**Task description**: Begin at the line containing "Oil Portrait Series" in the records below, end at the line containing "oster home grooming kit", and retype each line in that span exactly. No other line and no image should appear.

**Supplied data**:
++++++

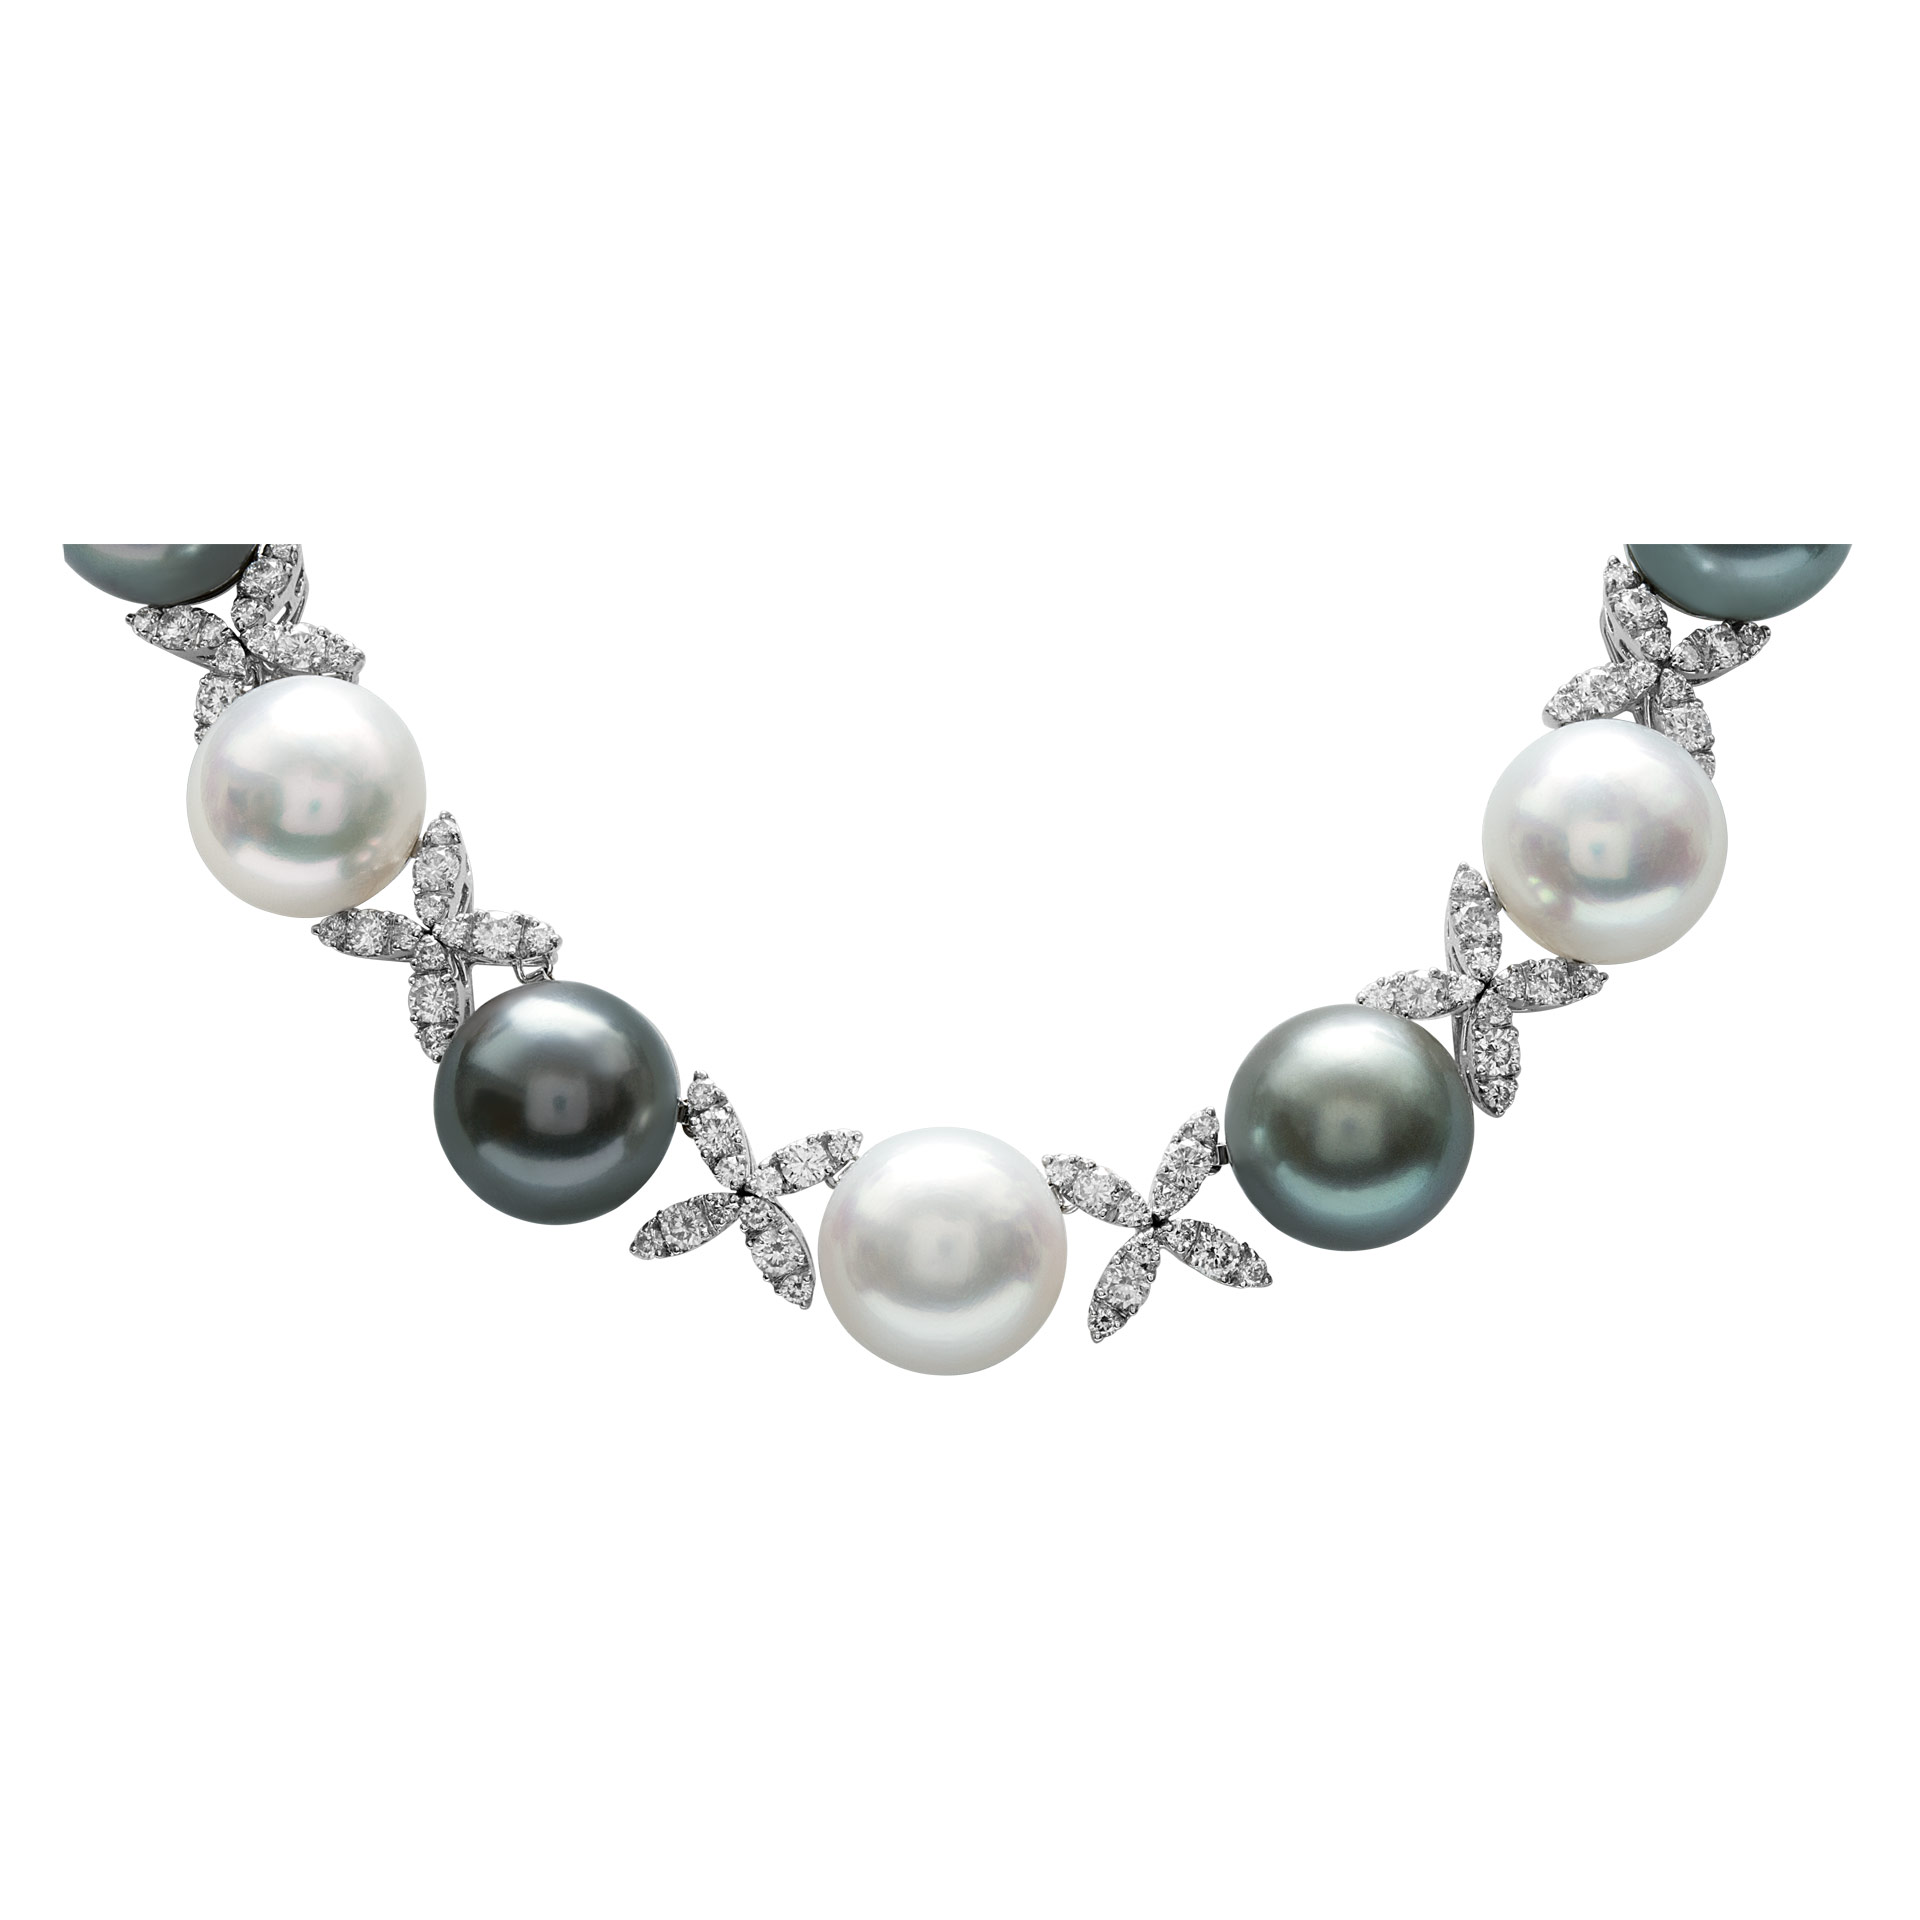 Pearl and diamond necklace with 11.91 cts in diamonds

++++++

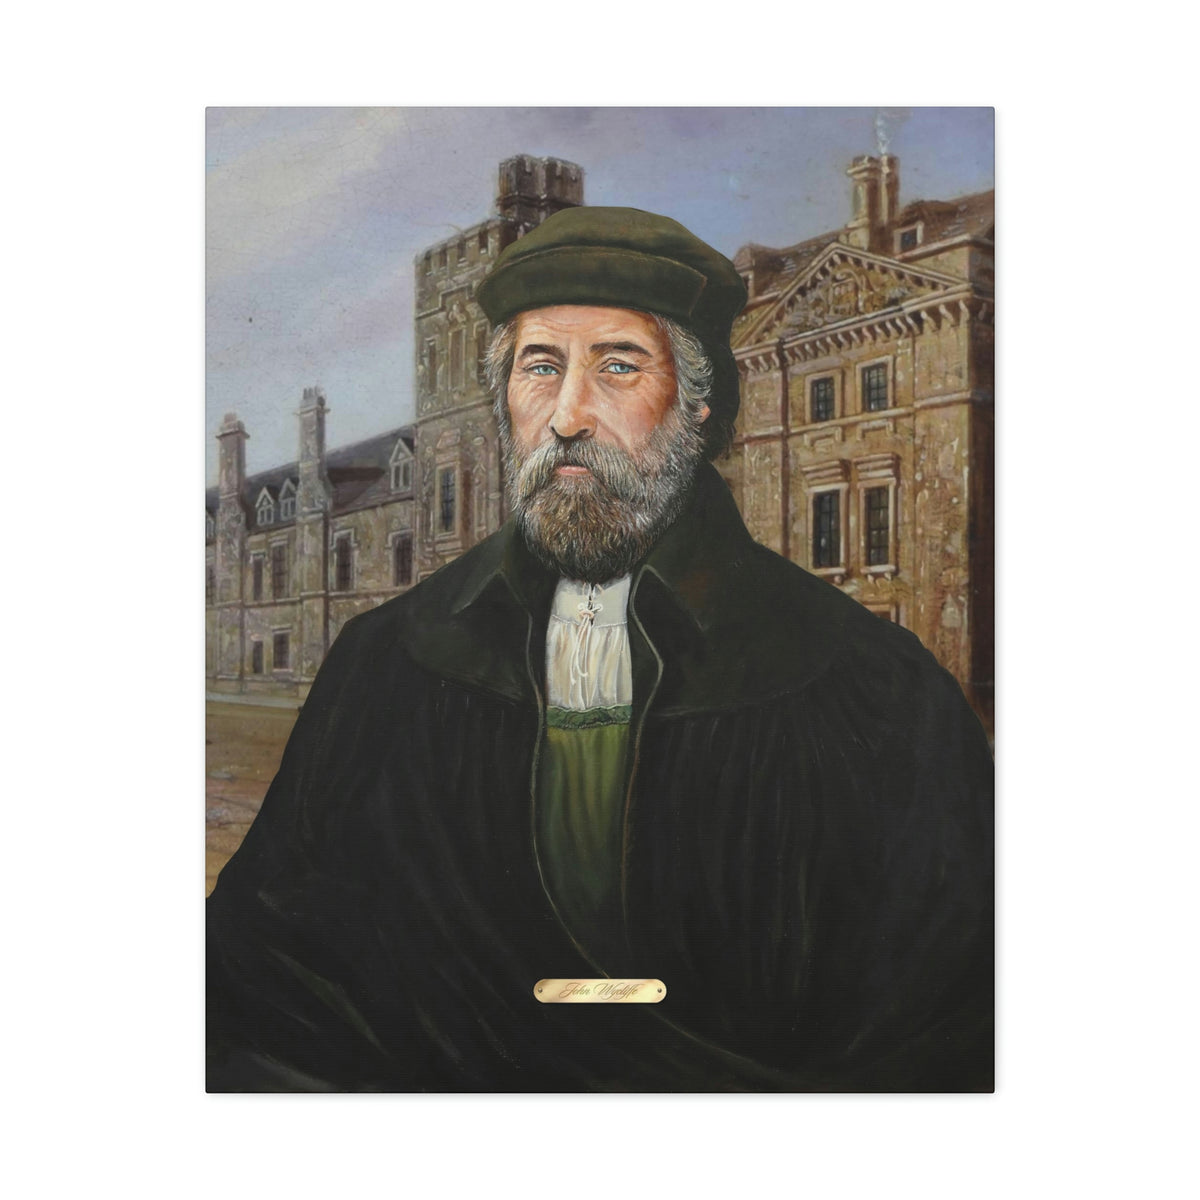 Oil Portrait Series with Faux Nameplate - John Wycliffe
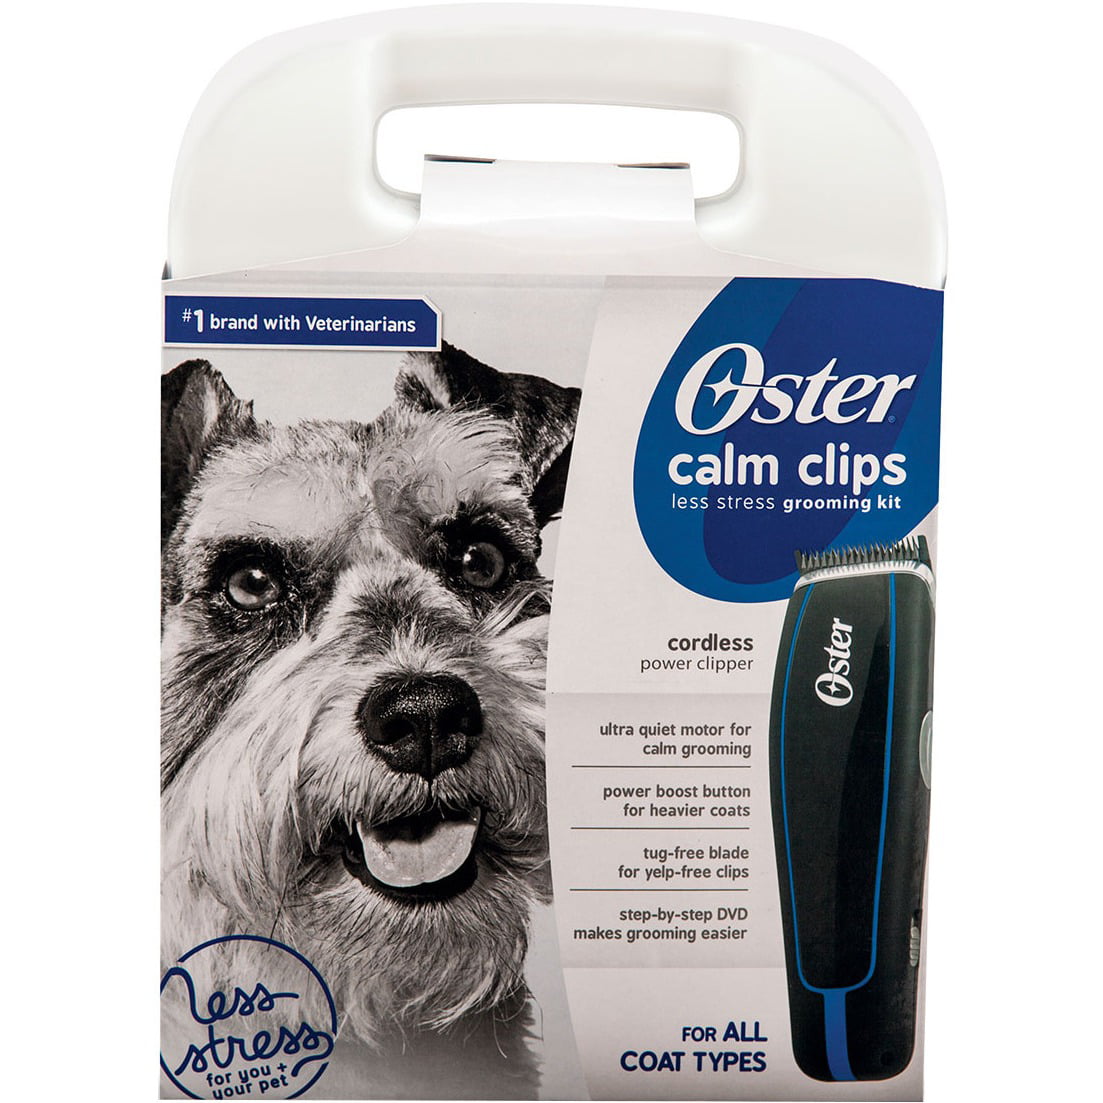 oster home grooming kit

++++++

**Output of the exercise**:
 Oil Portrait Series with Faux Nameplate - John Wycliffe
 oster home grooming kit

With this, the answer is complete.